Clarence Max Fowler
November 26, 1918 - February 27, 2006
Last place of employment:
Los Alamos National Laboratory
Los Alamos, NM, US
Published on 17 March 2006
Clarence "Max" Fowler, hailed as the U.S. pioneer in explosive-driven magnetic-flux compression and ultra-high magnetic field research, died 27 February, 2006 at his home, after a brief struggle with cancer. He was 87.
Max Fowler was to US ultra-high magnetic field research what Andrei Sakharov was to Russian research in that area. A veteran of the U.S. Navy, Max was born in Centralia, Ill., and joined the Los Alamos laboratory as a fulltime staff member in August 1957. He originally worked there on a limited basis between 1952 and 1956.

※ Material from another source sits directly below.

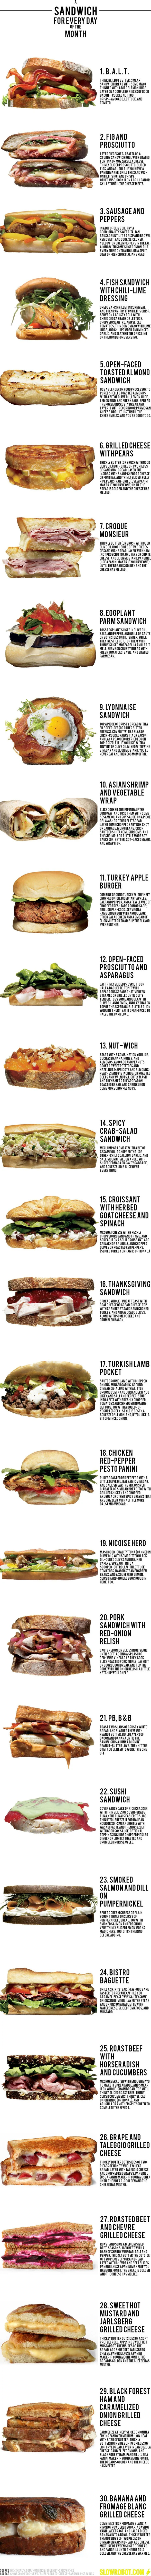 A Sandwich for Every Day of the Month

At Los Alamos, Max led the way in developing and applying explosive-driven flux compression generators. For more than 50 years, he and his colleagues utilized this technique to power a number of different plasma producing devices, lasers, imploding foils, e-beam accelerators and rail guns. Max also used these generators to study the properties of materials in ultra-high magnetic fields, including high-temperature superconductors. His team made many investigations of material behavior in ultra-high magnetic fields and this work played a role in the selection of the Florida State/Florida/Los Alamos Consortium to develop the National High Magnetic Field Laboratory. His bibliography consists of more than 250 papers, dating from when he published his first journal article in 1946.

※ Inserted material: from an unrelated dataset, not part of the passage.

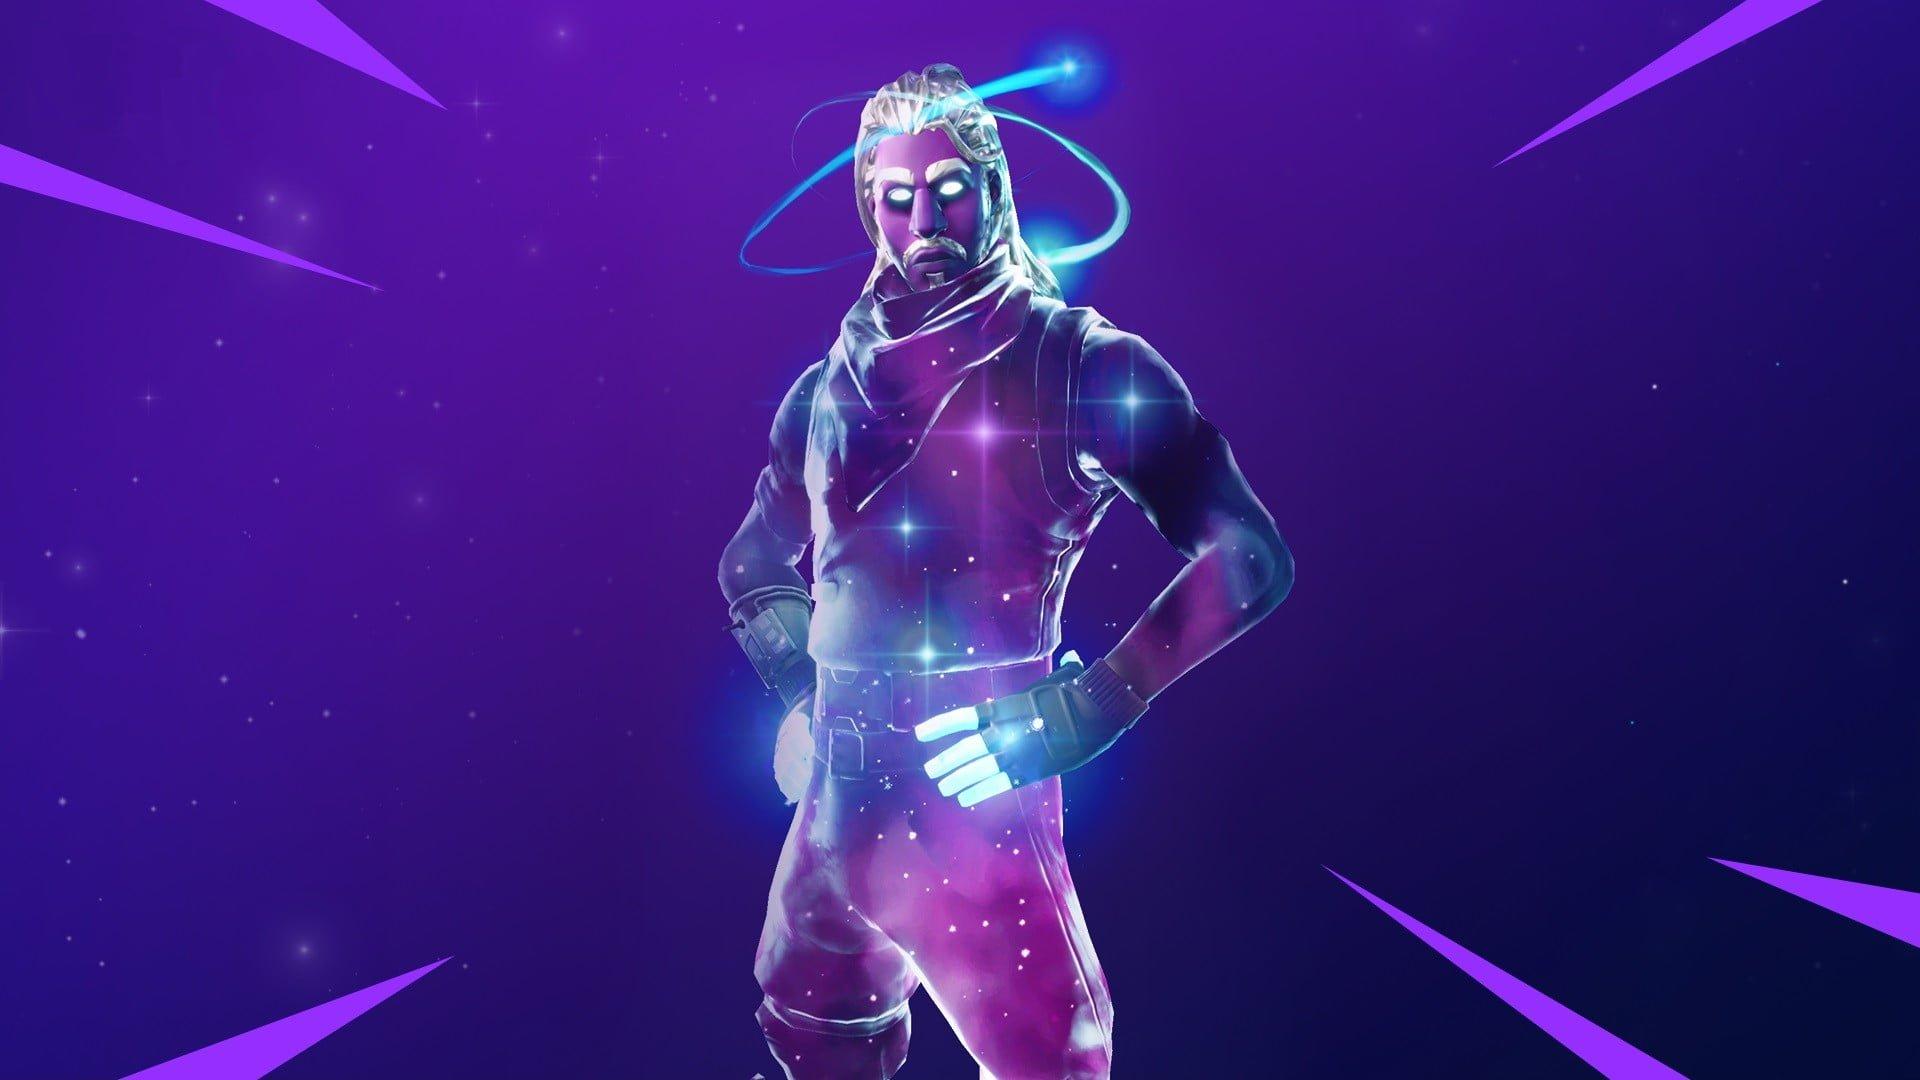 Can you still get Galaxy skin in Fortnite? No, but there's a new

Max was also a founder of the International Megagauss conferences. Starting in Frascati, Italy, in 1965, the Megagauss conferences have been the setting for international discussion in ultra-high magnetic field generation and applications. Max and his team co-authored the first paper presented at the Frascati conference and thus the first paper published in the Megagauss series. He and his wife, Janet, attended all nine Megagauss conferences since then.
Such was his reputation, that he was the honored guest wherever he traveled, be it to Russia, China, Korea, Africa, Europe, or the USA. He had a keen sense of humor, so he gained great pleasure and amusement when, at the last Megagauss-X conference (2004, Berlin), he was declared the Honory Chairman!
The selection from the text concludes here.